更新:根据下面的建议答案,我更新了测试以使用group而不是分区 . 每个对象的初始加载都显示相同的增长,除非更糟糕:具体来说,我将规则更改为:
@Plan:name('MetricPlan')
define stream metricStream (id string, timestamp long, metric1 double,metric2 double);
from metricStream#window.externalTime(timestamp, 300000)
select id, avg(metric1) as value, 'Metric1-rule0' as ruleName
group by id
having value>-1.000000
insert into outputStream;
...
以下是Group By vs Partition By的结果输出 . 两者都显示了初始负载的增长 .
Group By Load Results
Load 10K Items - Group By
It took 3098 ms to load the last 1000 entities. Num Alarms So Far: 20020
It took 2507 ms to load the last 1000 entities. Num Alarms So Far: 40020
It took 5993 ms to load the last 1000 entities. Num Alarms So Far: 60020
It took 4878 ms to load the last 1000 entities. Num Alarms So Far: 80020
It took 6079 ms to load the last 1000 entities. Num Alarms So Far: 100020
It took 8466 ms to load the last 1000 entities. Num Alarms So Far: 120020
It took 11840 ms to load the last 1000 entities.

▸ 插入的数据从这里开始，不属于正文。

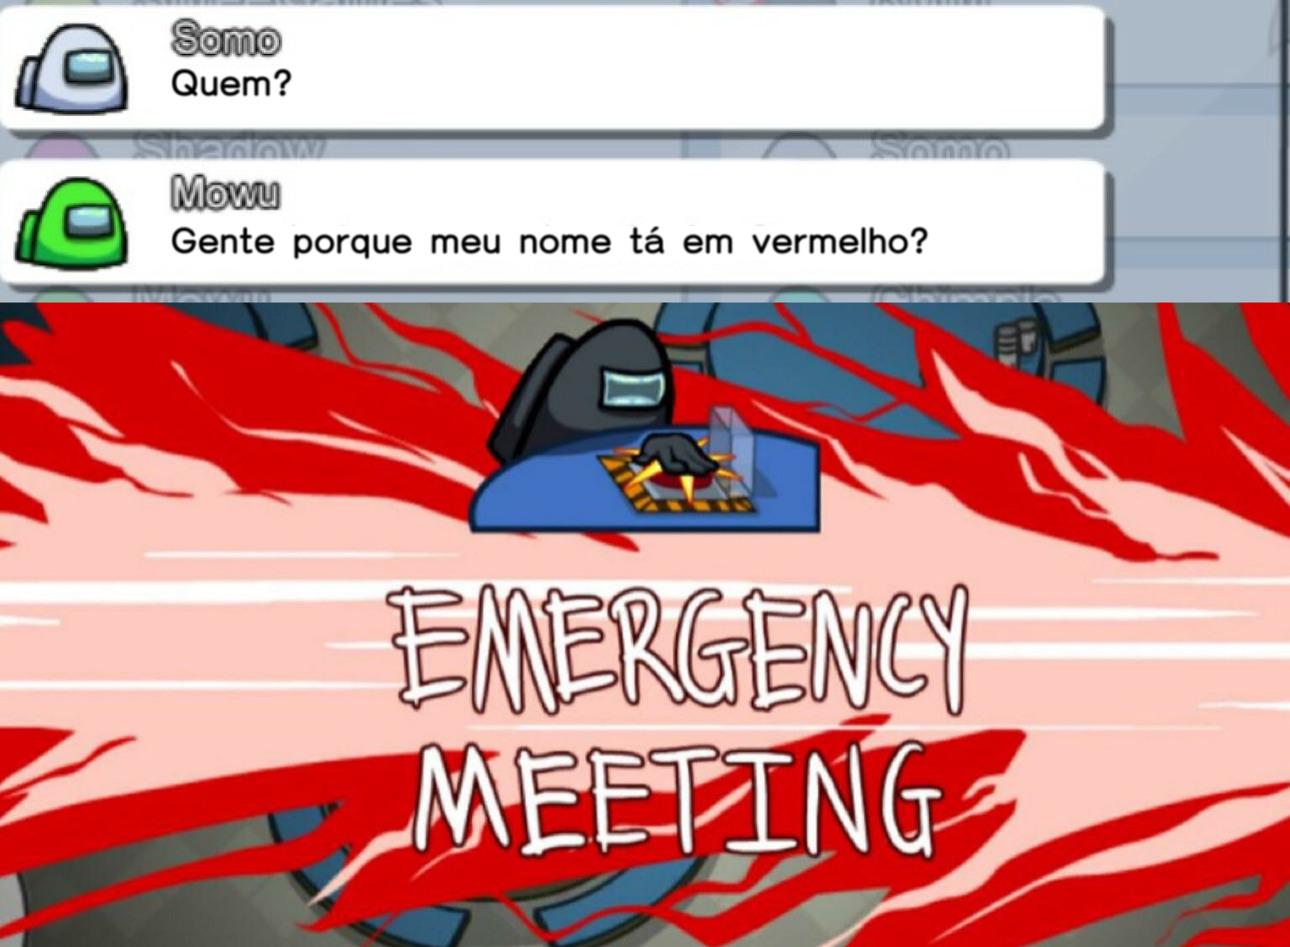 Mowu - meme

Num Alarms So Far: 140020
It took 12634 ms to load the last 1000 entities. Num Alarms So Far: 160020
It took 14779 ms to load the last 1000 entities. Num Alarms So Far: 180020
It took 87053ms to load the last 10000
Load Same 10K Items - Group By
It took 31 ms to load the last 1000 entities. Num Alarms So Far: 220020
It took 22 ms to load the last 1000 entities. Num Alarms So Far: 240020
It took 19 ms to load the last 1000 entities. Num Alarms So Far: 260020
It took 19 ms to load the last 1000 entities. Num Alarms So Far: 280020
It took 17 ms to load the last 1000 entities. Num Alarms So Far: 300020
It took 20 ms to load the last 1000 entities. Num Alarms So Far: 320020
It took 17 ms to load the last 1000 entities. Num Alarms So Far: 340020
It took 18 ms to load the last 1000 entities. Num Alarms So Far: 360020
It took 18 ms to load the last 1000 entities. Num Alarms So Far: 380020
It took 202ms to load the last 10000
Partition By Load Results
Load 10K Items - Partition By
It took 1148 ms to load the last 1000 entities. Num Alarms So Far: 20020
It took 1870 ms to load the last 1000 entities. Num Alarms So Far: 40020
It took 1393 ms to load the last 1000 entities. Num Alarms So Far: 60020
It took 1745 ms to load the last 1000 entities. Num Alarms So Far: 80020
It took 2040 ms to load the last 1000 entities. Num Alarms So Far: 100020
It took 2108 ms to load the last 1000 entities. Num Alarms So Far: 120020
It took 3068 ms to load the last 1000 entities. Num Alarms So Far: 140020
It took 2798 ms to load the last 1000 entities. Num Alarms So Far: 160020
It took 3532 ms to load the last 1000 entities. Num Alarms So Far: 180020
It took 23363ms to load the last 10000
Load Same 10K Items - Partition By
It took 39 ms to load the last 1000 entities. Num Alarms So Far: 220020
It took 21 ms to load the last 1000 entities. Num Alarms So Far: 240020
It took 30 ms to load the last 1000 entities. Num Alarms So Far: 260020
It took 22 ms to load the last 1000 entities. Num Alarms So Far: 280020
It took 35 ms to load the last 1000 entities. Num Alarms So Far: 300020
It took 26 ms to load the last 1000 entities. Num Alarms So Far: 320020
It took 25 ms to load the last 1000 entities. Num Alarms So Far: 340020
It took 34 ms to load the last 1000 entities. Num Alarms So Far: 360020
It took 48 ms to load the last 1000 entities. Num Alarms So Far: 380020
It took 343ms to load the last 10000
这种类型的增长几乎意味着在加载未找到的ID时会将其与其他所有ID进行比较,而不是利用哈希等 . 因此,我们看到的线性增长是唯一ID的数量增加 .
1 回答
是的,行为符合预期 . 当您为每个新ID使用带ID的分区时,您将创建一个新的分区实例,因此如果您的分区很大,则可能需要更多时间来创建分区 . 自从已经为唯一ID创建分区以来,它第二次处理得更快 .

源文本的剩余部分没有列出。